A Full Wednesday in SD -- 1/16/02
Went to San Diego on business, with the hope of hooking up with the alt.surfing crew for a session or two. For three weeks prior to my arrival, they were blessed with epic, sizable surf. Of course, the swell shrank to nothing when I got there. Such is life.
Was planning to jump in at the Scripps Pier before work on Wednesday. While waiting at the 7-11 near Windansea at 5:20 AM, I got a call on my cell. It was none other than the comical Bill Andrews. He was bringing down a funboard that Joanne had generously loaned me. However, on the way down the radiator in Bill's truck decided to spring a leak, and he was stuck in Encinitas. Bill suggested that I run up to grab the board, saying that it was a 15 minute drive from La Jolla. So I went for it.
Unfortunately, I couldn't find my way to I-5 north. When I finally did, I found that the 15 minute drive was only if you averaged 80 mph! Eventually, I found my way to Bill and his disabled truck near a Denny's restaurant.
Damn, it was nice seeing him again. He's just a pure character--all stoke and warmth (unless you get in his way at W/S--nah!). Bill decided to hang out until a nearby garage opened up. We had a hell of a time fitting the surfboard into my little Neon, but with some ingenuity and the FCS key, we made it fit. Since there was nothing more I could do for him, I just handed off some mac nuts and headed back south to see if I could salvage a surf.
When I reached the pier I knew that my time was virtually gone, but I parked anyway to check out the action. Good thing, because a gentleman approached me, someone that I've been looking forward to meeting for many moons. It was none other than alt.surfer Terry (sdbchguy).
Talk about fascinating. I was just entranced listening to him. Terry is like a mad scientist applying his vast knowledge of physics into surf science, designing and engineering various surf vehicles and tools. The only person like him that comes to mind is George Greenough. Must be a belly/kneeboard thing. :-)
We talked for nearly an hour about his latest watercraft designs, his recent trips to Baja, even a little bit about the alt.surfing scene. After a while I absolutely didn't care about getting in a pre-work surf (it was only about shoulder-high anyway).
Finally, duty called, as I had to get to work. I reluctantly said goodbye to Terry, put on a tie, and headed off.
I got off late from work, but still decided to get some needed water time. Hit the Pier just after 5 and joined the after school/after work crowd. There were some fairly glassy, shoulder high walls that closed out quickly. Not much fun on my bodyboard, but still way better than just sitting on the beach. It was nightfall (after 6 PM) before I finally made it back to shore--I was the last one out of the water.
That evening, I was invited to a get-together by the elusive Carson (also of alt.surfing fame). So I quickly changed in the dark (no streetlights in the Torrey Pines area) and made my way to his home.

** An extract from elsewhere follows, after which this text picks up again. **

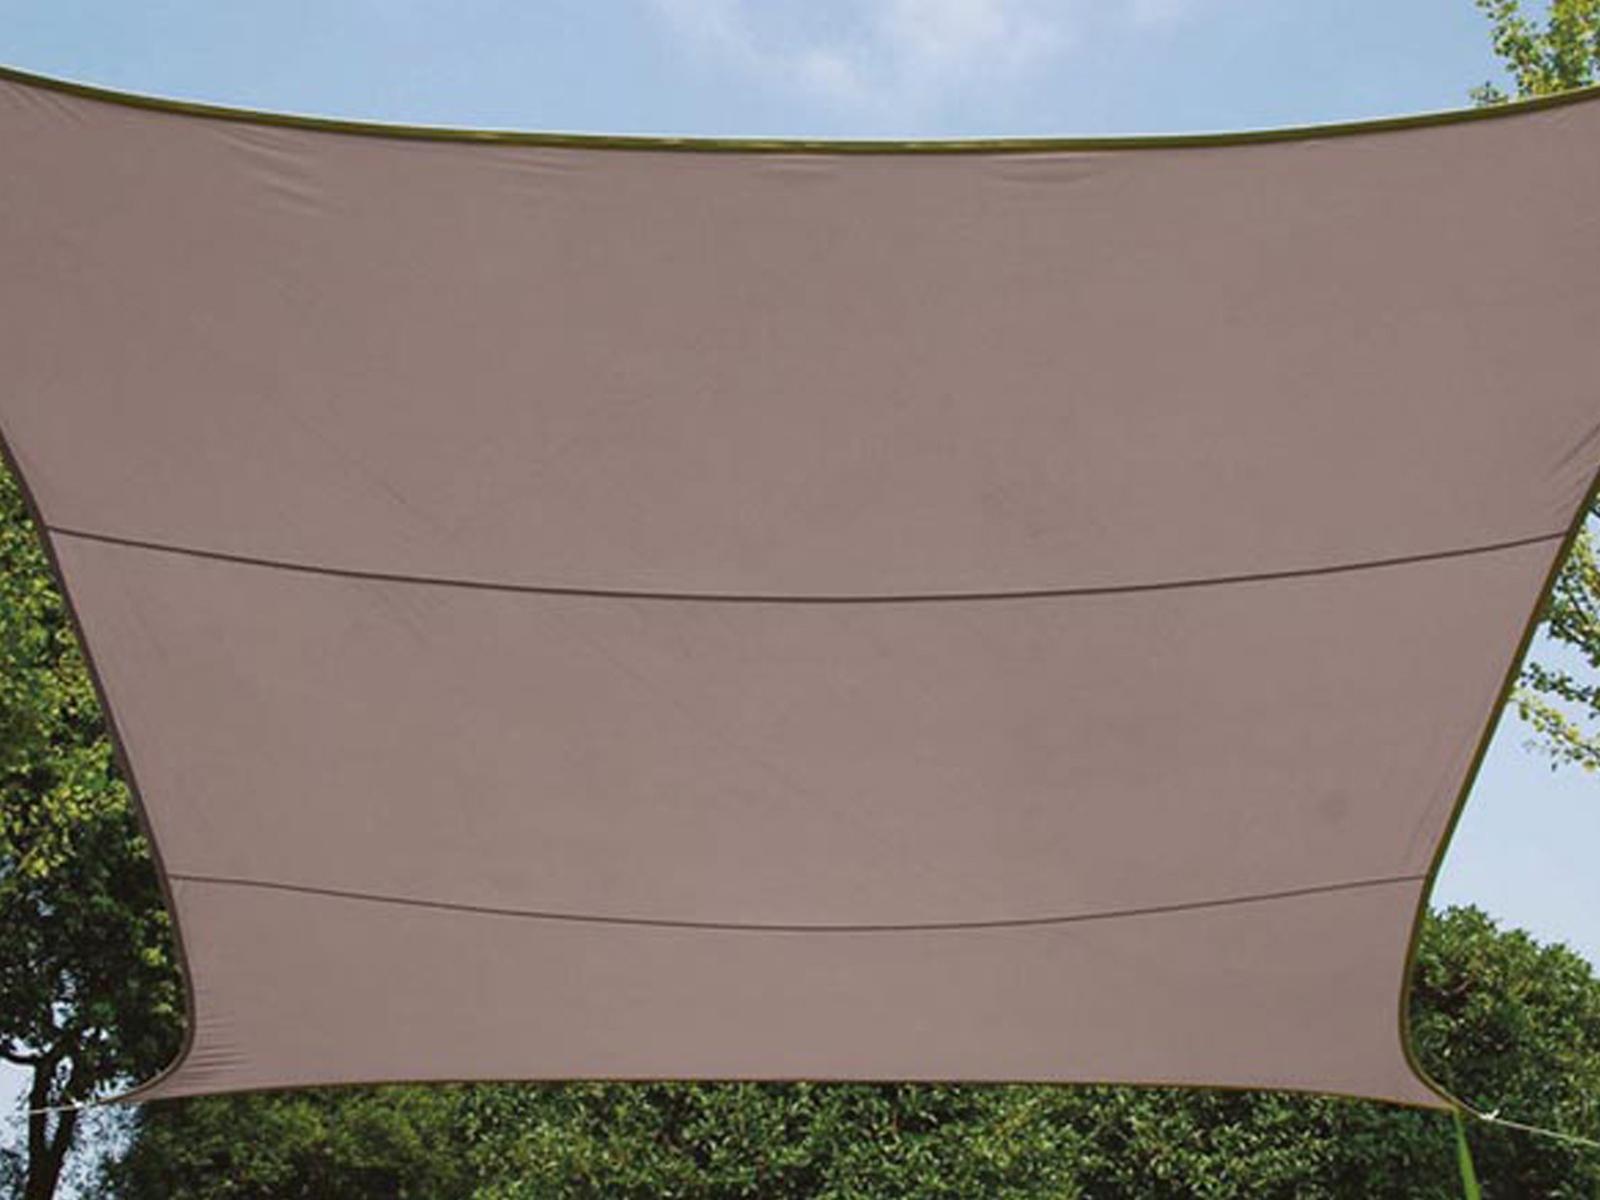 PARASOLE PROTEZIONE ANTIPIOGGIA Perel, Marronee Grigio, 500 x 500 cm, resistente all'acqua

Carson is not an idiot. That's my opinion anyway. He's just a wily guy who wants to stir up the pot in alt.surfing, calling out people who he thinks are blowing smoke about their surfing prowess or knowledge. I'm really looking forward to surfing with him at his secret LJ reefs sometime in the future.
Also in attendance were (wild) Bill Andrews, (feisty) Joanne VanMeter, (stately) George Barnes and his lovely wife, and Mrs. Carson and Carson Jr. Everyone (including Carson and myself) is a techno-weenie of one kind or another. What a bunch of nerds!
The get-together was loud, raucous, and fun. We quickly jumped from topic to topic, mostly about surfing, and continuously brought up the topics and characters of the alt.surfing newsgroup. I was in stitches at times, just laughing at our silliness.
Eventually, we all had to leave (it was a school night). But before going, we needed photographic proof that we tried to dispense of that Carson dude. It took a while, but we finally got the shot we wanted.
As for me, I never got a chance to surf again. My work crew decided to cut our trip off a day short, so I left without even using Joanne's hubbie's board. I also didn't get the opportunity to see Keener, Tweed and King--sorry guys.
I thought I was coming over in March, but that trip has been nixed. Maybe in the summer or fall. One day, I'll get a chance to surf with Terry and Carson and with the rest of the motley crew (again). I'm already looking forward to it.